Fridge: Keeps well for 3–4 days in an airtight container — if your family doesn’t eat it all first.
Freezer: It can freeze, but texture of potatoes changes. Freeze in portions for emergencies, not for show-off meals.
Reheat: Gently on the stove with a splash of milk or stock; microwave works but stir every 30 seconds so it doesn’t sulk.
Variations and Substitutions
Swap whatever you want—sugar ↔ honey, soy sauce ↔ tamari, or skip steps and call it “deconstructed.” It still counts.
– Make it vegetarian: skip bacon and use veggie stock, plus a hit of smoked paprika for depth.
– Make it heartier: toss in cooked chicken or crumbled sausage.
– Dairy-free: use a creamy non-dairy milk and nutritional yeast for cheesiness.
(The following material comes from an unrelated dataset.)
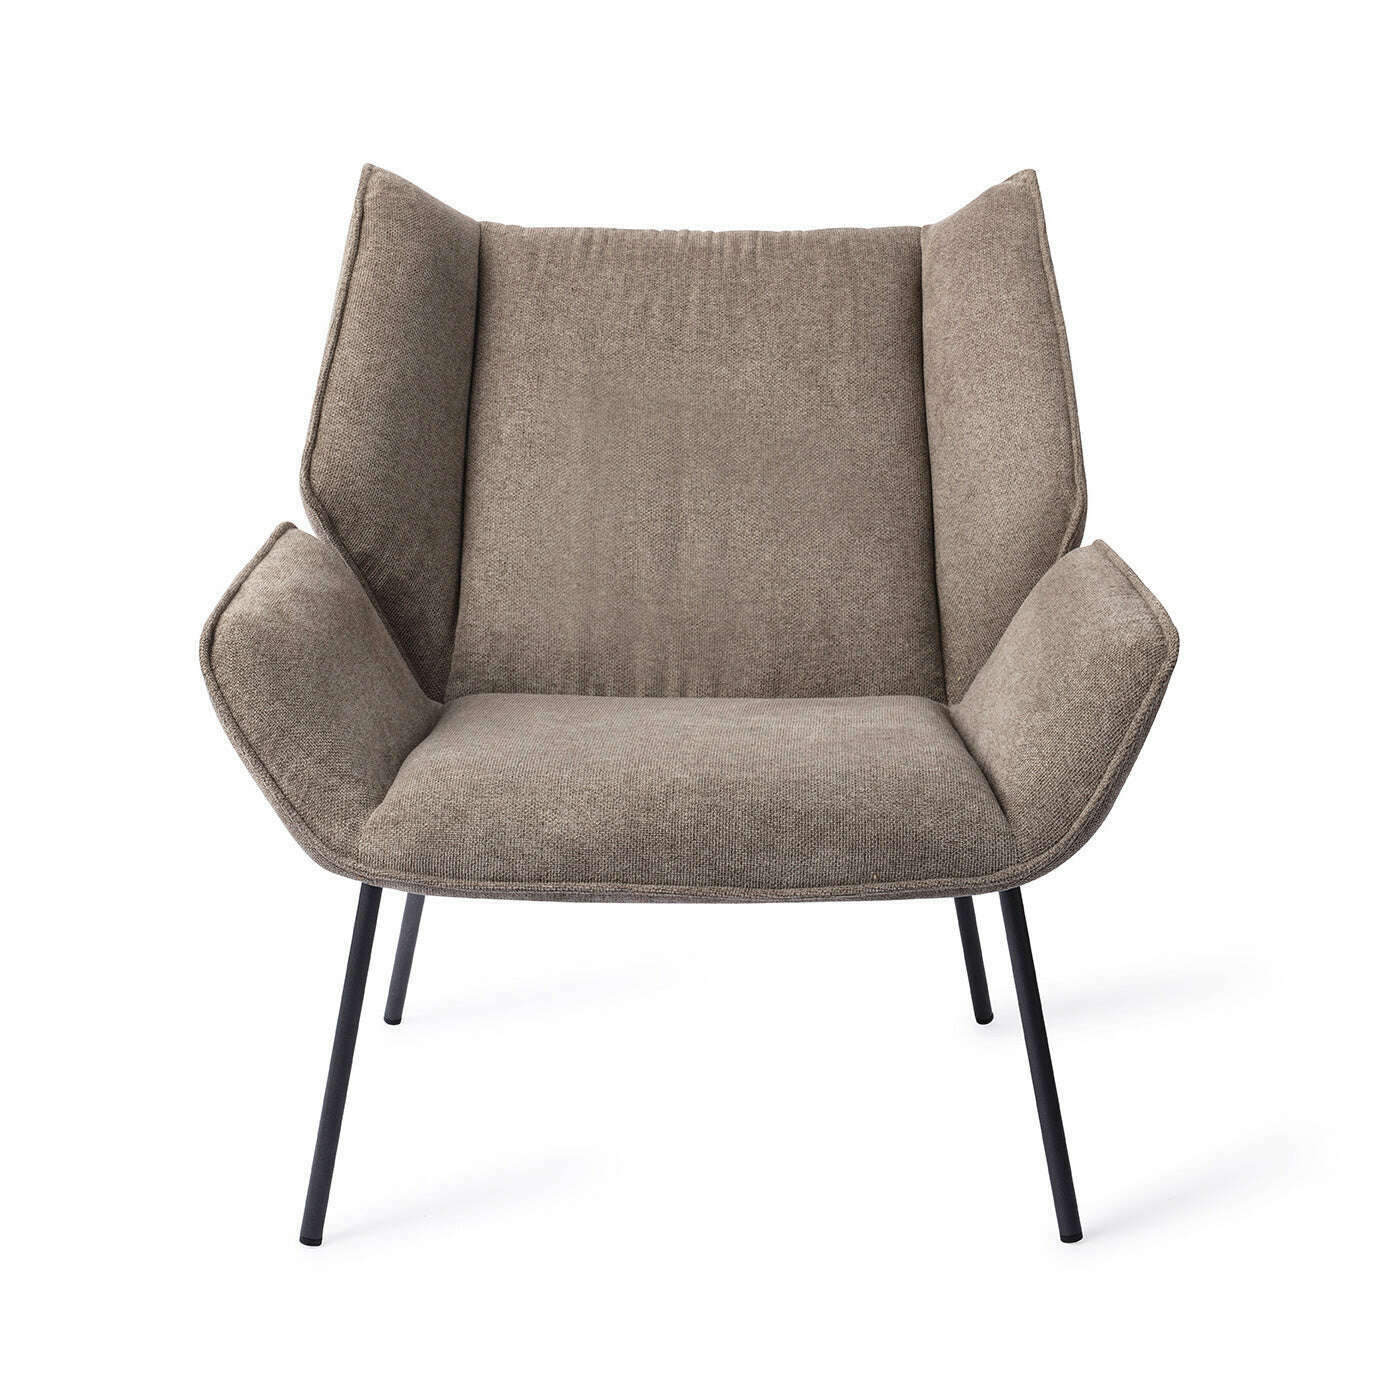 Jesper Home Haruno fauteuil taupy toffee

It’s a vibe.
Frequently Asked Questions

Delish Loaded Broccoli Cheese Potato Soup
Ingredients
Main Ingredients
- 3 cup Broccoli florets Fresh or frozen
- 4 large Potatoes Peeled and diced
- 1 cup Cheddar cheese Shredded
- 4 cup Vegetable broth
- 1 cup Heavy cream
Instructions
Preparation Steps
- In a large pot, combine the vegetable broth, potatoes, and broccoli. Bring to a boil over medium heat.
- Reduce heat and simmer for about 20 minutes until the vegetables are tender.
- Using an immersion blender, blend the soup until smooth.
- Stir in the heavy cream and cheese, cooking until the cheese is melted.